**** AVAILABLE DATA ****

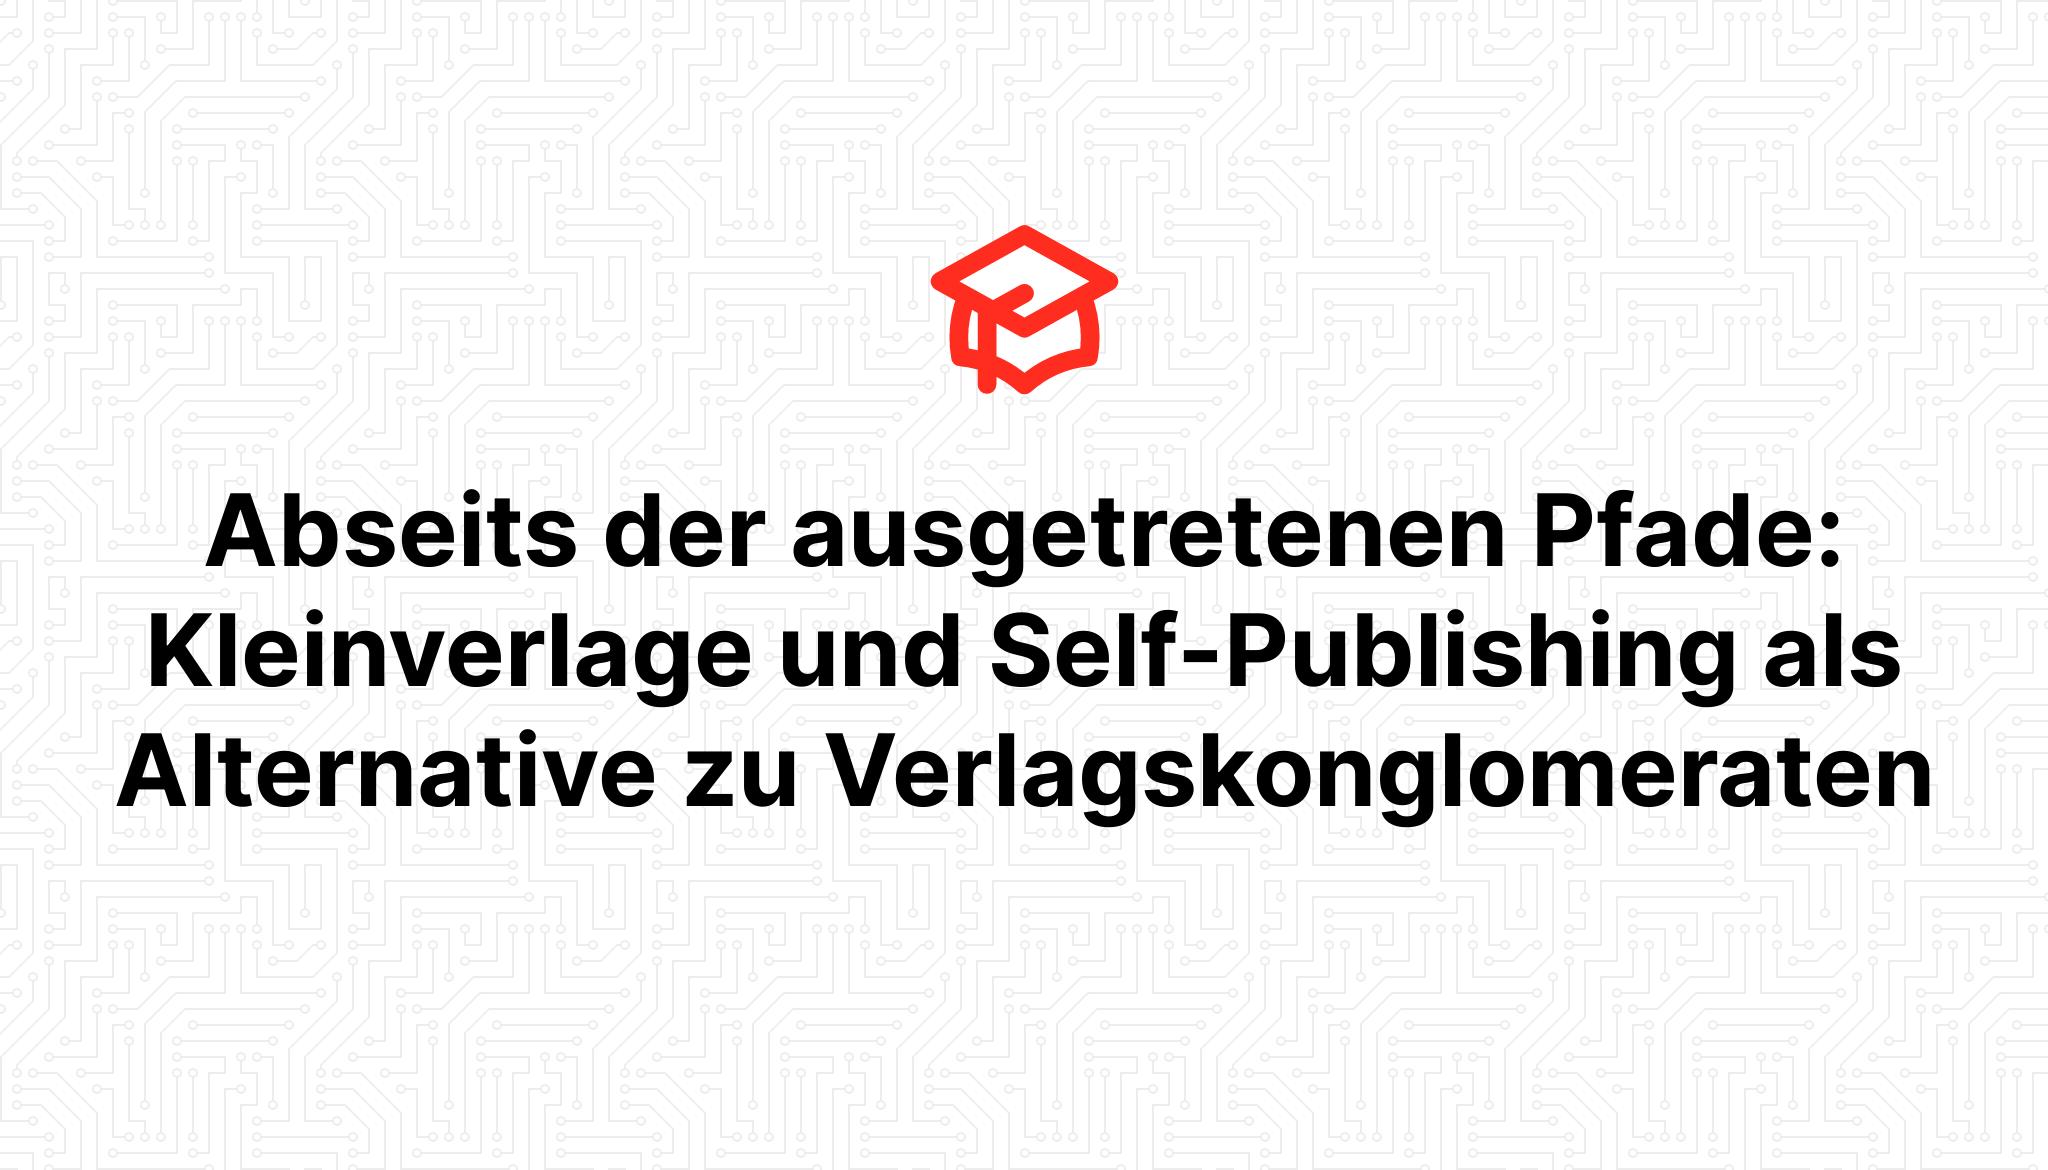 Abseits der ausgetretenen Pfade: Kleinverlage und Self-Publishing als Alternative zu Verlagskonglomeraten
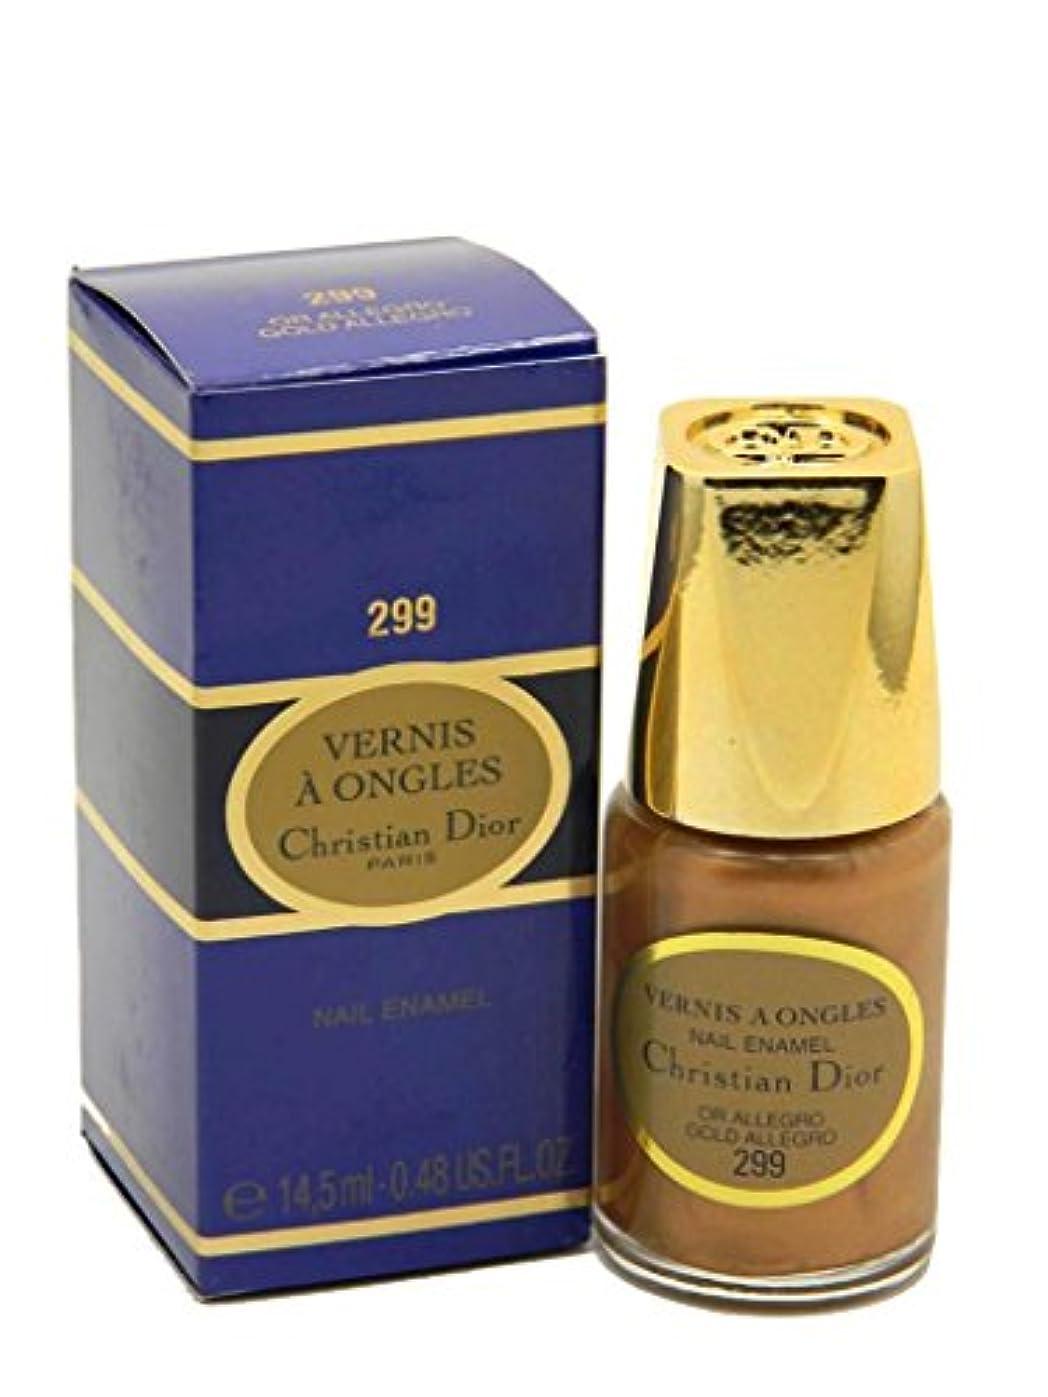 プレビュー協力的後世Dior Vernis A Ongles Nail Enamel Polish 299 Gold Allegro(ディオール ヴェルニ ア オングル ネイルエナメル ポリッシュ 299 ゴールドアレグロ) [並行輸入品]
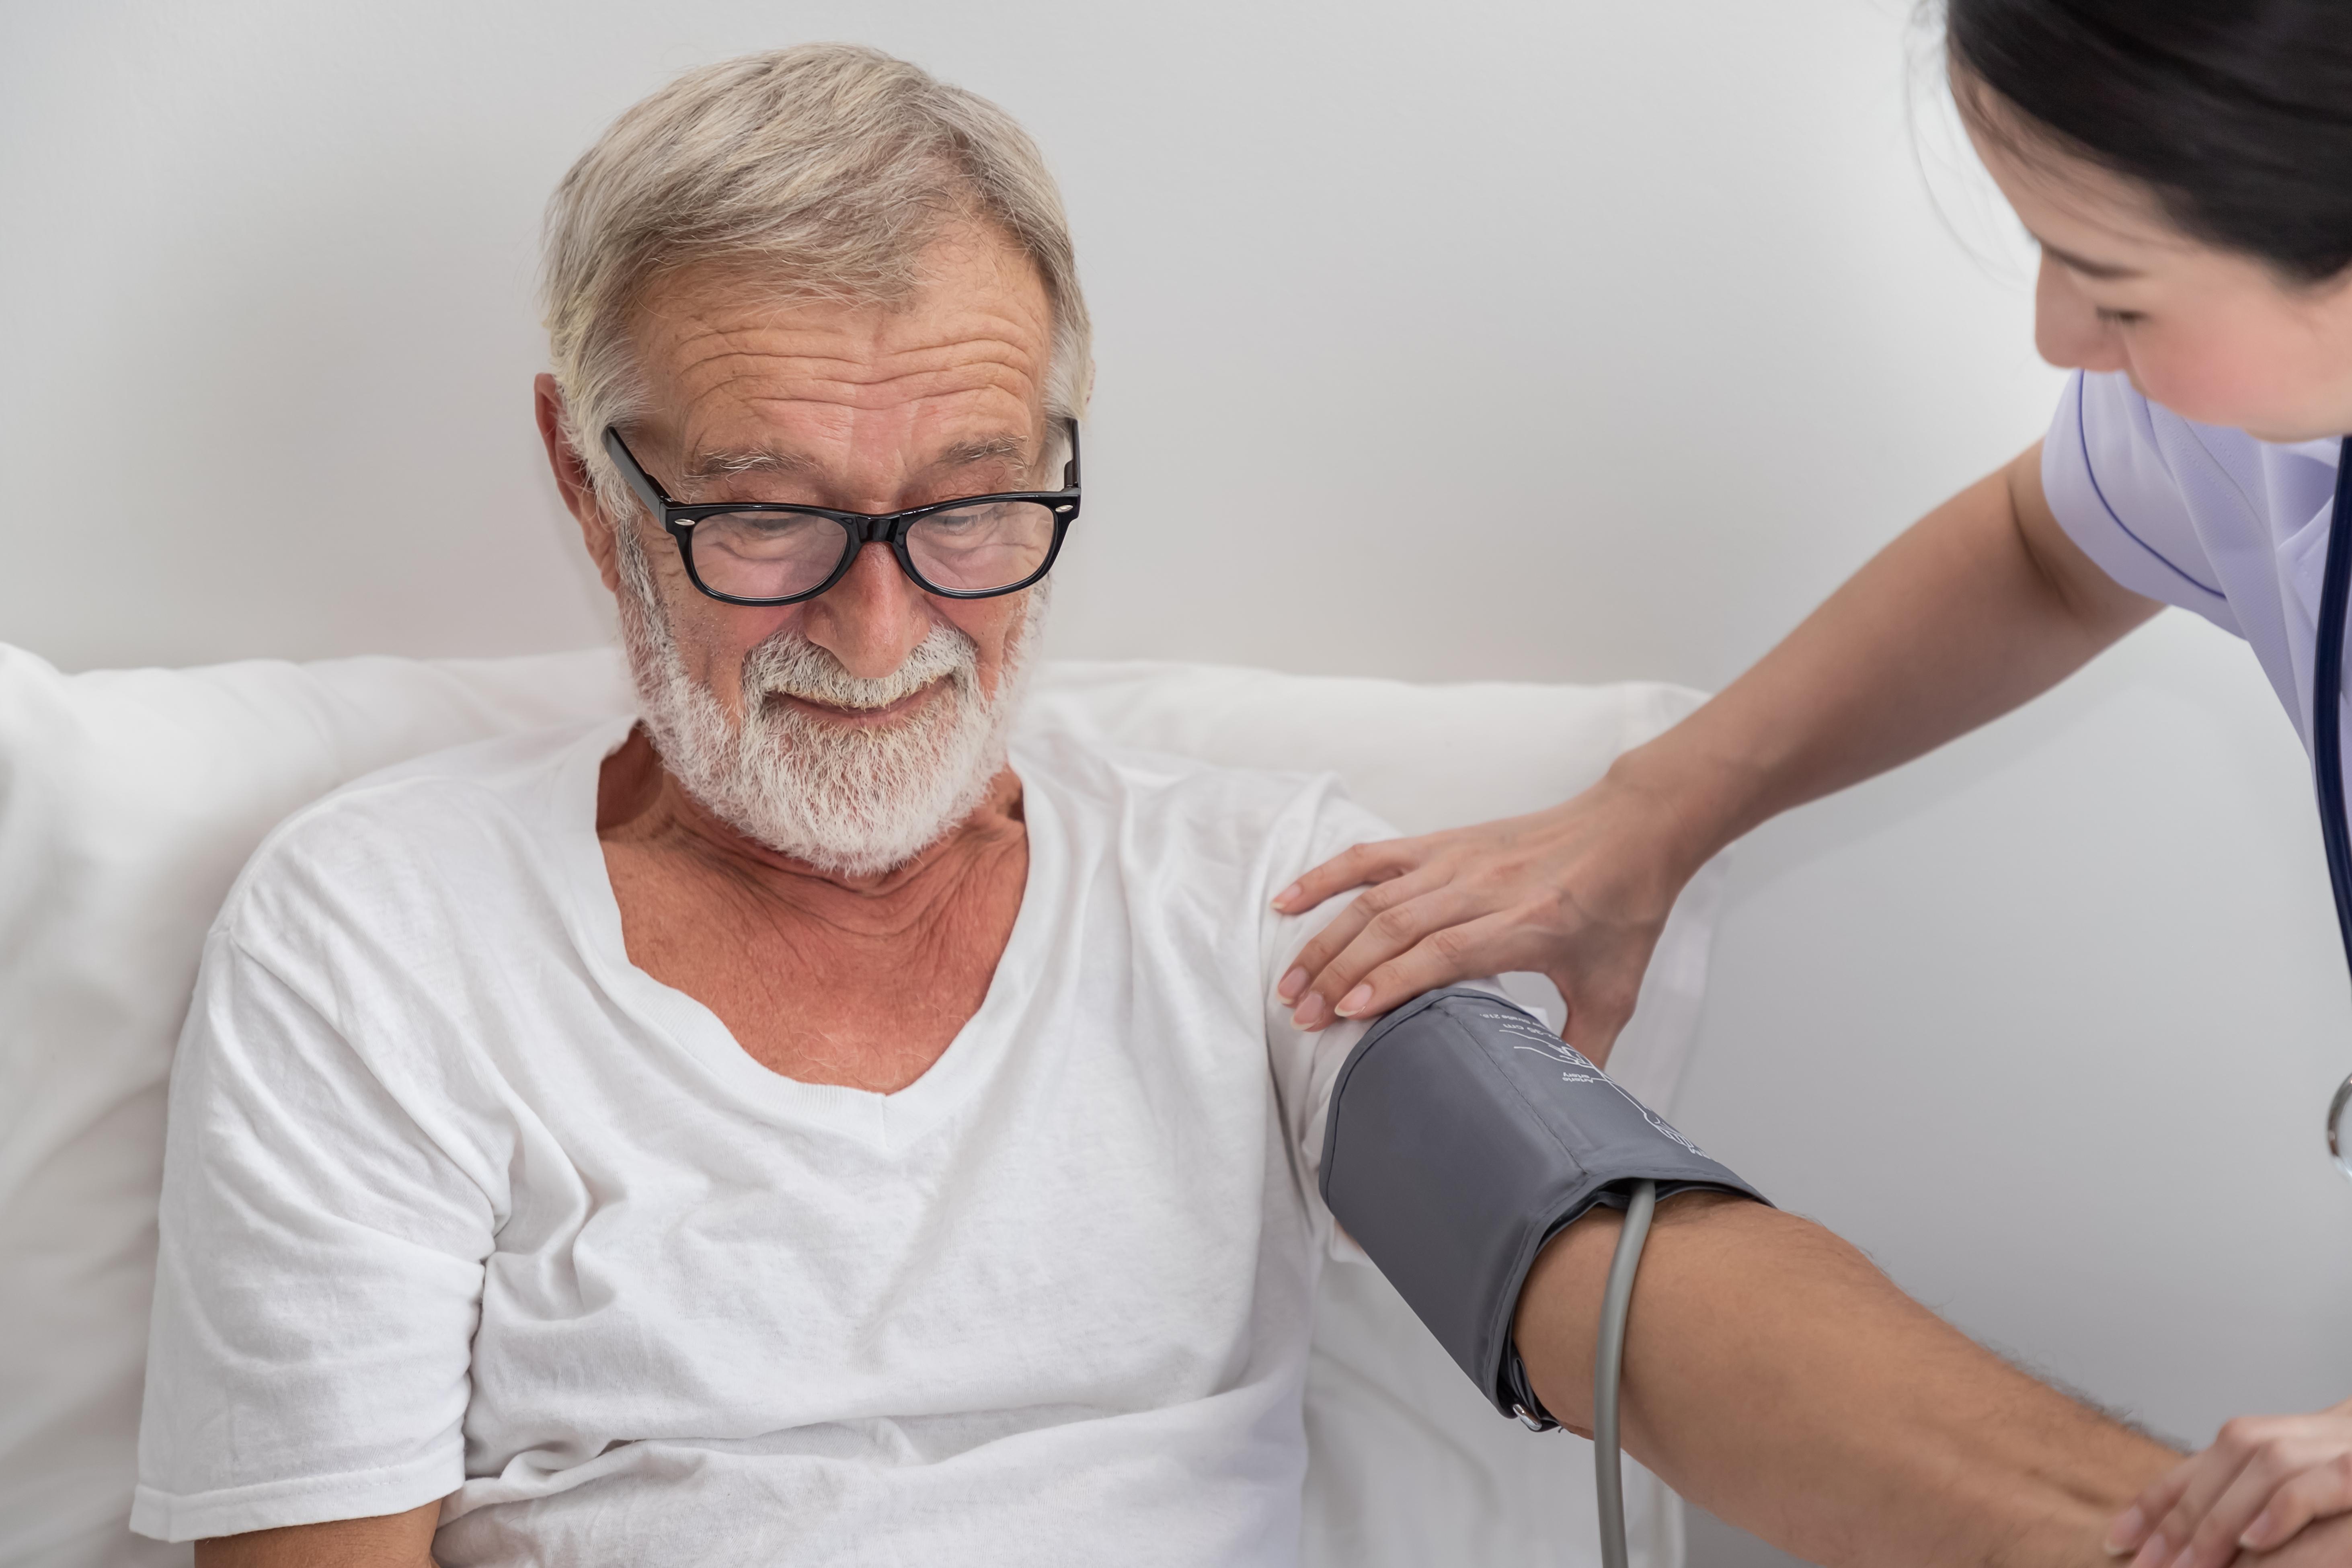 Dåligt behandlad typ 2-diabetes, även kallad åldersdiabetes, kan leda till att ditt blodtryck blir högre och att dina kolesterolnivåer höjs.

****

**REQUIRED ACTION**
Reproduce the material above in full, exactly, with no images.

**REPLY**
 Abseits der ausgetretenen Pfade: Kleinverlage und Self-Publishing als Alternative zu Verlagskonglomeraten
 プレビュー協力的後世Dior Vernis A Ongles Nail Enamel Polish 299 Gold Allegro(ディオール ヴェルニ ア オングル ネイルエナメル ポリッシュ 299 ゴールドアレグロ) [並行輸入品]
 Dåligt behandlad typ 2-diabetes, även kallad åldersdiabetes, kan leda till att ditt blodtryck blir högre och att dina kolesterolnivåer höjs.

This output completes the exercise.